[Input data]

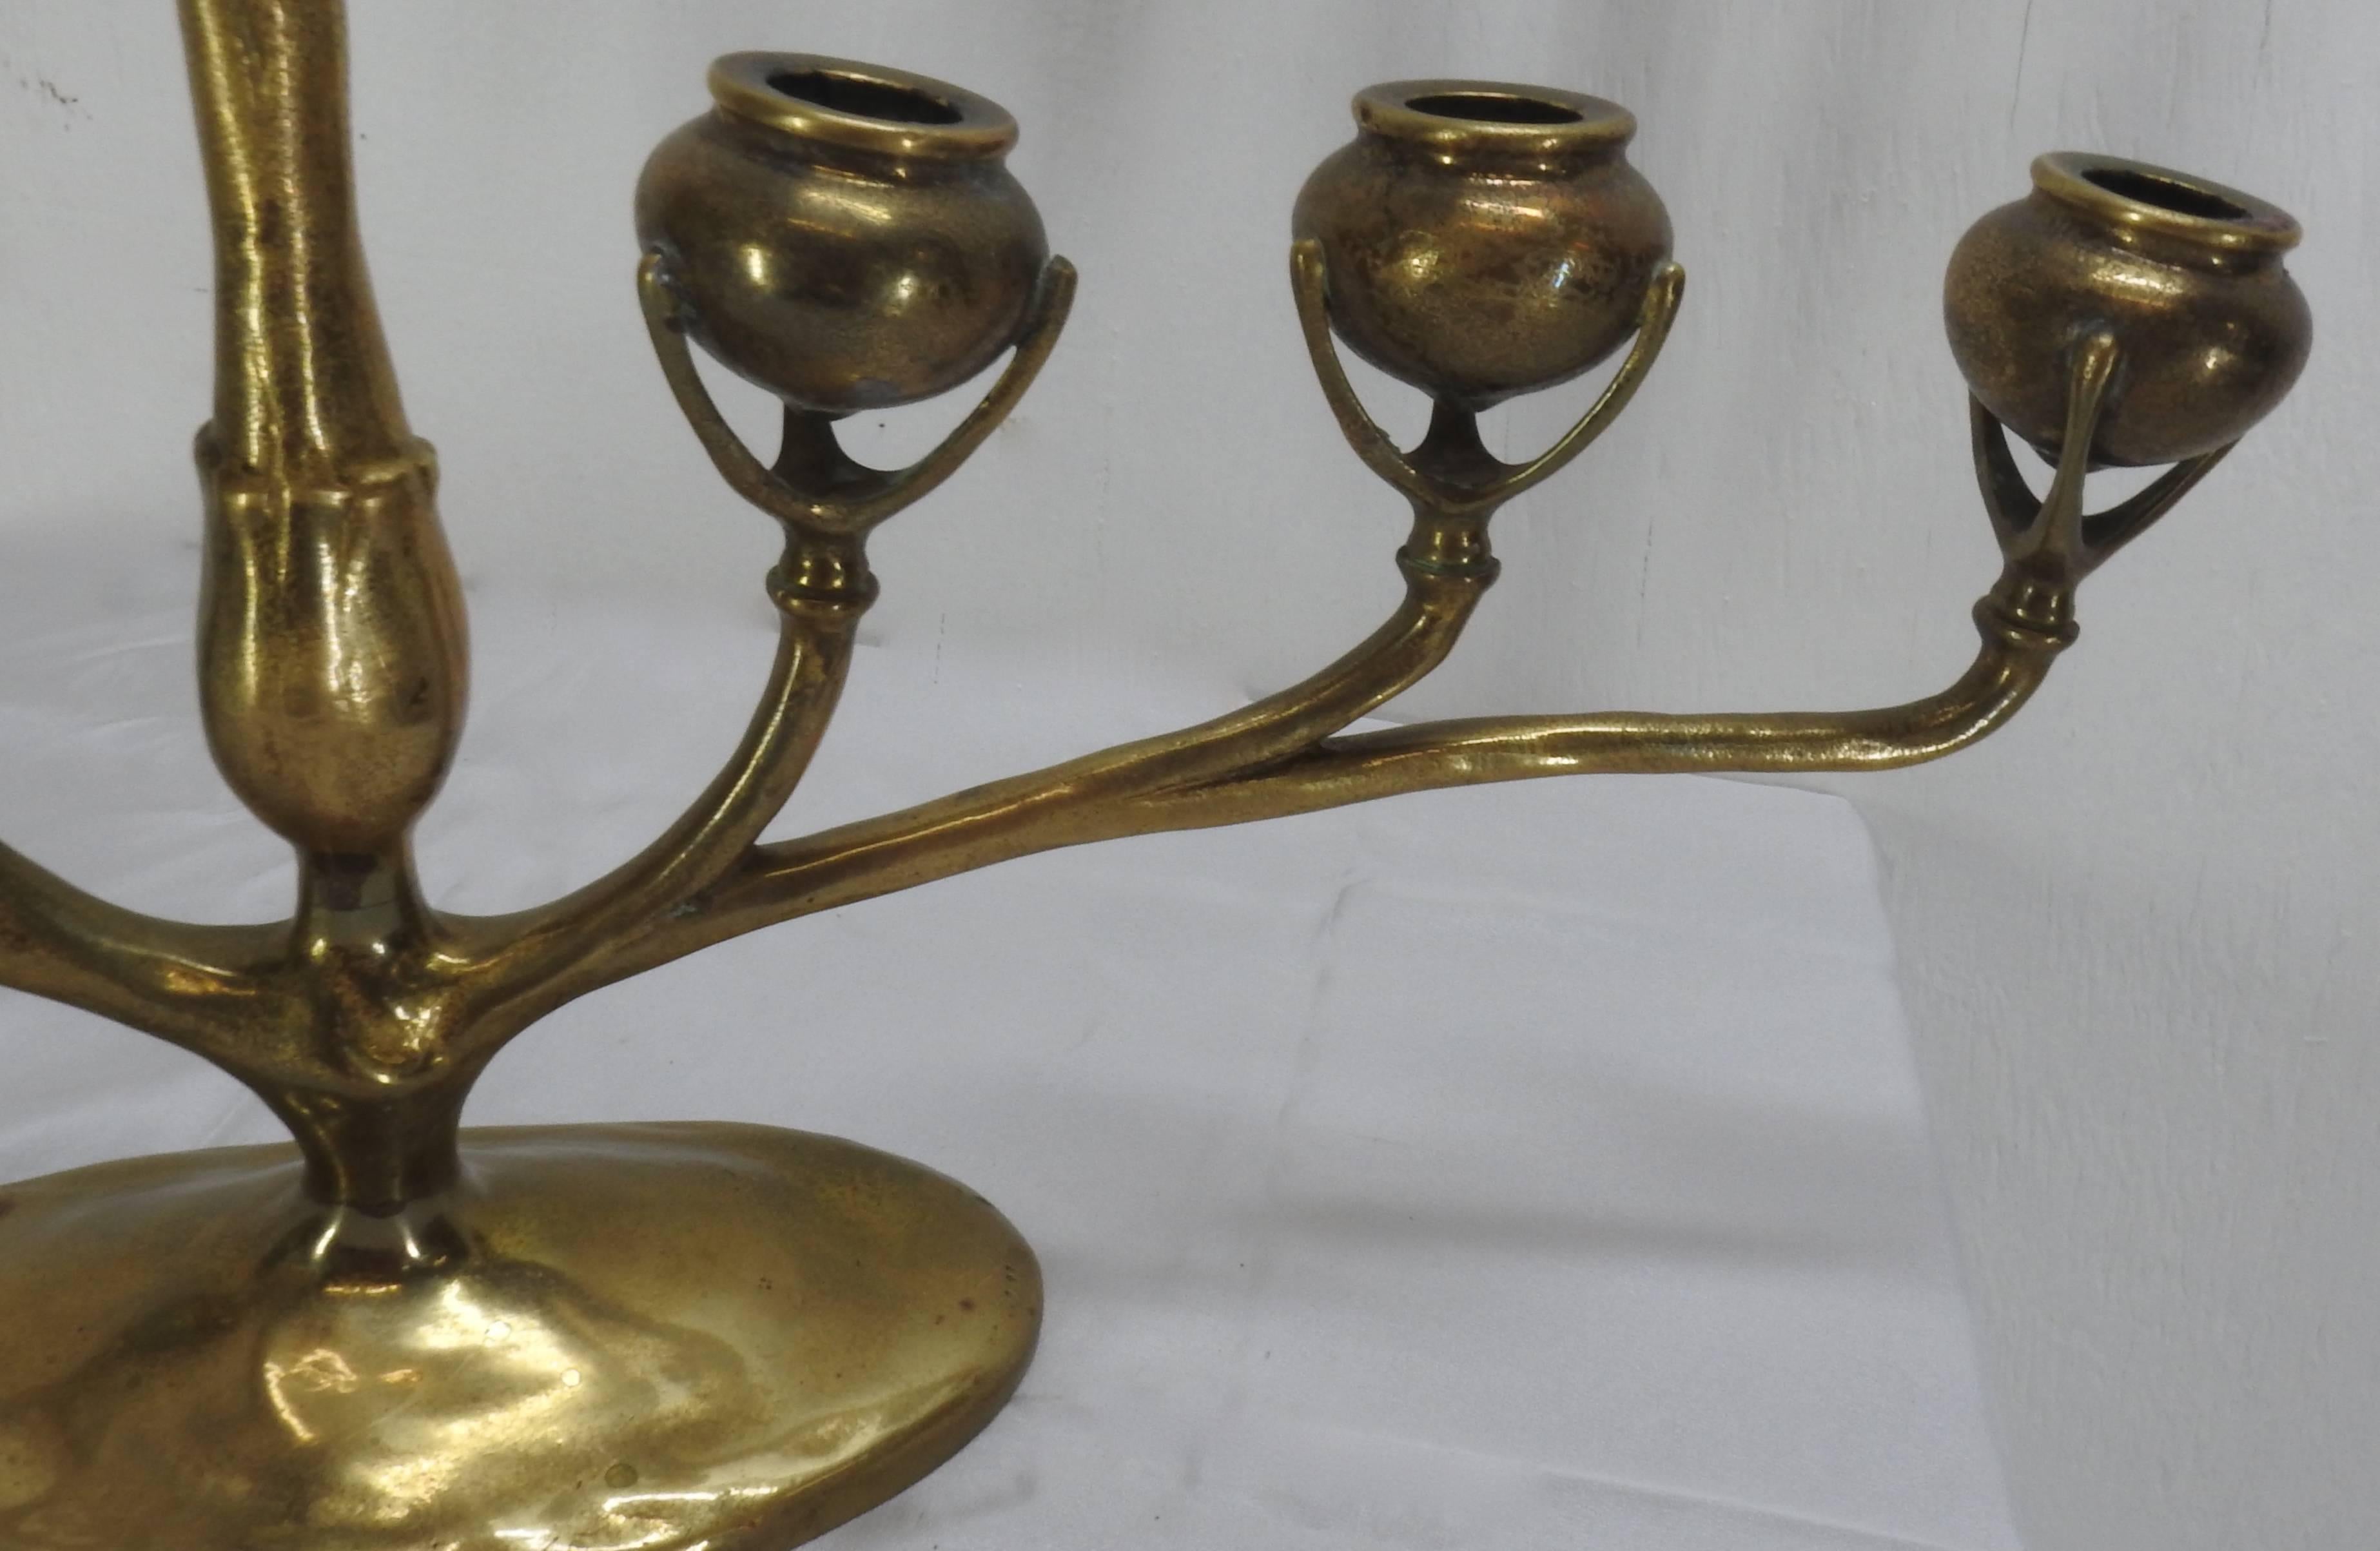 A lovely Tiffany gilt bronze six-arm candelabra from the Art Nouveau period. Six candle sconces are raised on supports. Each piece is supported on branches that are attached to two arms, one on each side of the main stem, all raised on an elongated
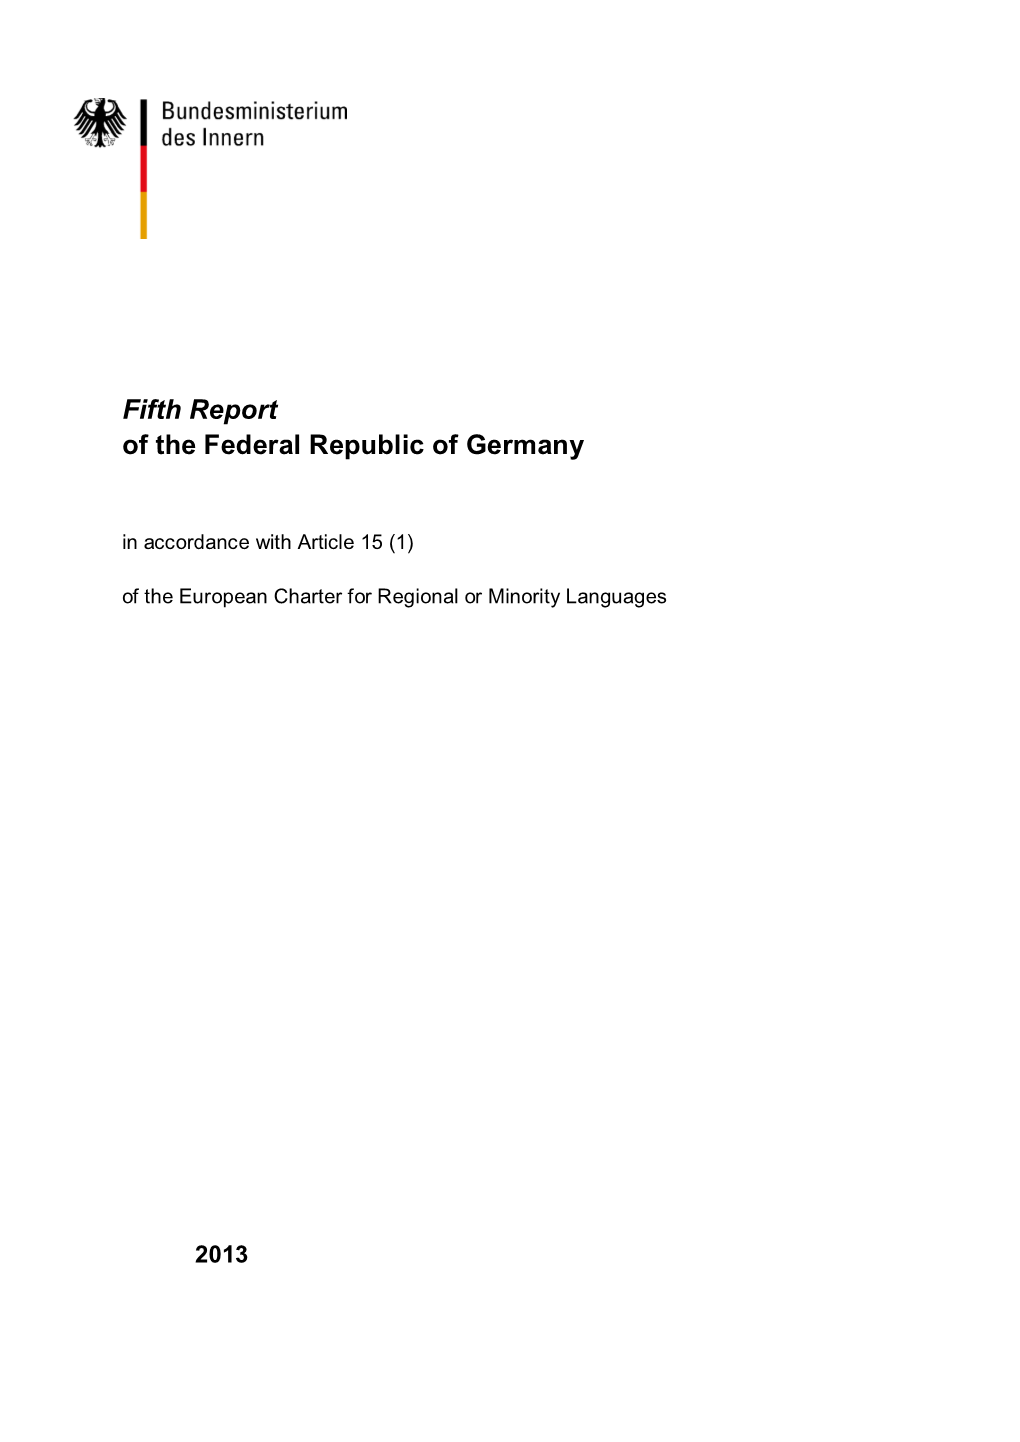 Fifth Report of the Federal Republic of Germany
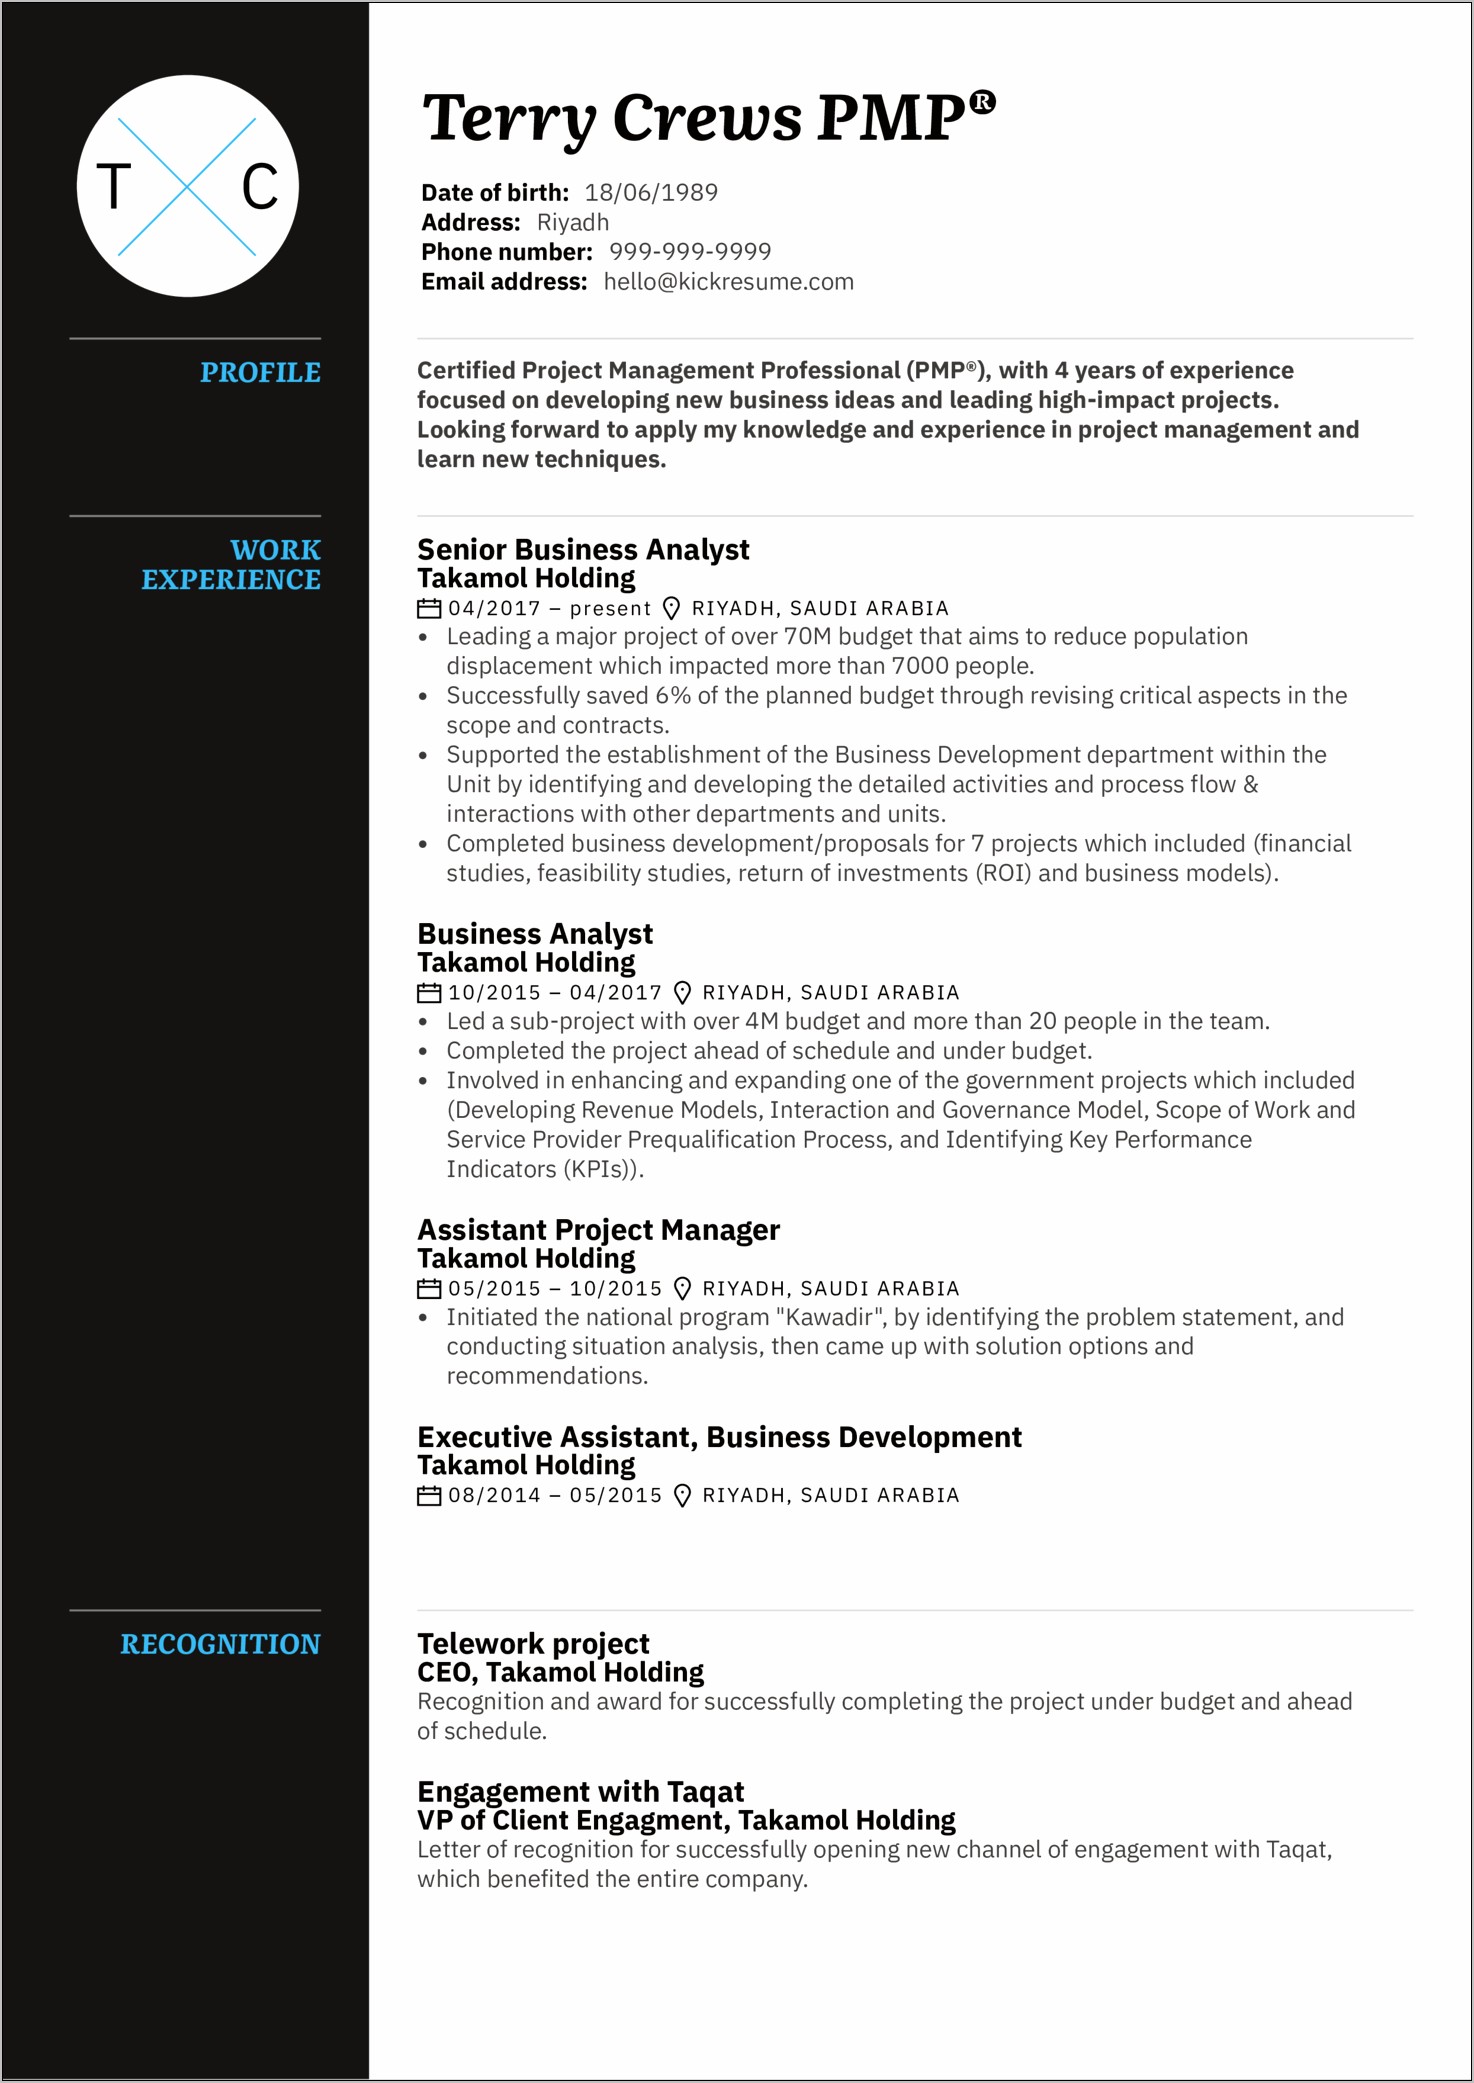 Project Manager Roles And Responsibilities In Resume

[/Input data]

**Work request**
Transcribe the material as is, with images omitted.

**Task answer**
 A lovely Tiffany gilt bronze six-arm candelabra from the Art Nouveau period. Six candle sconces are raised on supports. Each piece is supported on branches that are attached to two arms, one on each side of the main stem, all raised on an elongated
 Fifth Report of the Federal Republic of Germany
 Project Manager Roles And Responsibilities In Resume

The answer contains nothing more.